Appearance of the SurgiMend Meshed ADM cast supporting a 445 cm3 implant, with the direction of stretch in the transverse axis. The mesh comfortably covers the implant in the transverse orientation, demonstrating progressive and even constituent rhomboid progression across the implant surface with no distortion.

DISCUSSION

To our knowledge, this is the first study to provide ex-vivo data on the physical properties of SurgiMend Meshed ADM. With the mesh at full stretch used as a “tent,” there was less vertical displacement than when used as a “hammock.” The “tent” technique should therefore be used to create upright breasts, whereas the “hammock” technique should be used when a greater degree of ptosis is required. When the ADM was sutured lax, vertical displacement was uncontrolled, and therefore this would not be recommended unless there are specific clinical reasons.

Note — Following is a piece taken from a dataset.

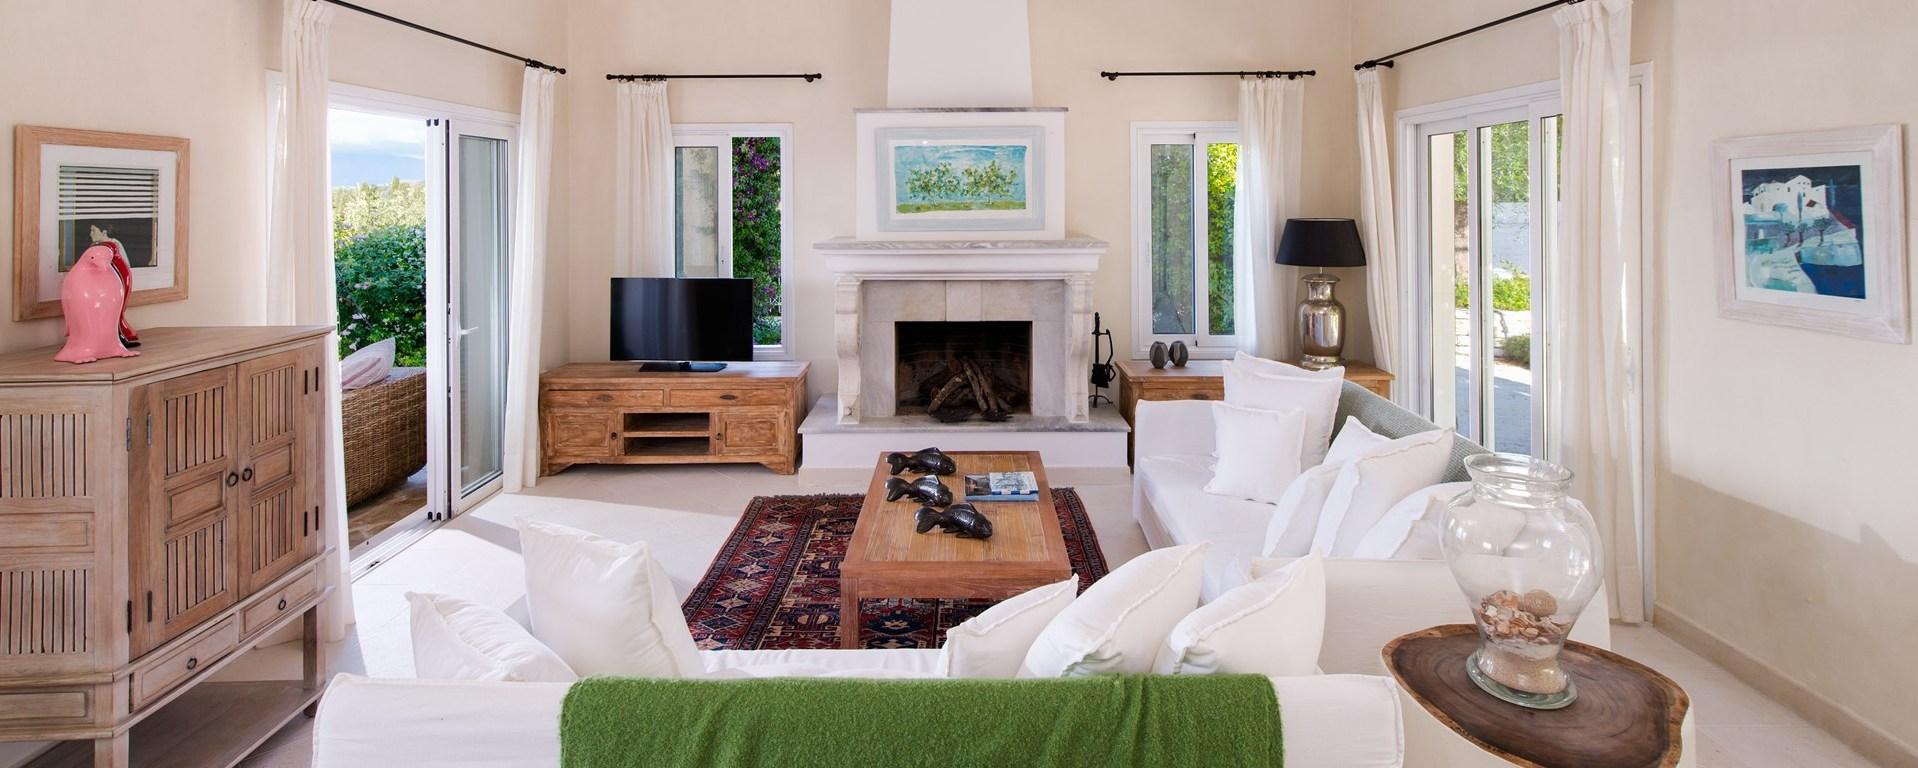 villa-vinita-corfu-living-room

Suturing through a single rhomboid loop or through the mesh edge itself produced equivalent results. Suturing the mesh as a “bunched up” entity leaves uneven mounds. In addition, trying to fit the ADM under tension over larger implants causes distortion, pulling on the suture points in an undesired manner, thus disrupting lines of tensile strength over the implant surface.

Vertical or horizontal orientation of the mesh provided equivalent implant support either as a “tent” or as a “hammock.” However, transverse orientation of the mesh allowed coverage of larger implants, with less distortion of the lines of tensile strength.

This ex-vivo study has a number of limitations. Each experiment was conducted once, at room temperature, whereas clinical use of ADM is at body temperature. Moreover, the ex-vivo situation does not reflect biological interactions, including tissue integration. Another limitation is that dehydration in air required measurements to be taken within a few minutes with unreliable effects of dehydration and humidity beyond.

CONCLUSION

These results provide a physical basis on which the clinical application of SurgiMend Meshed ADM can be used with greater confidence.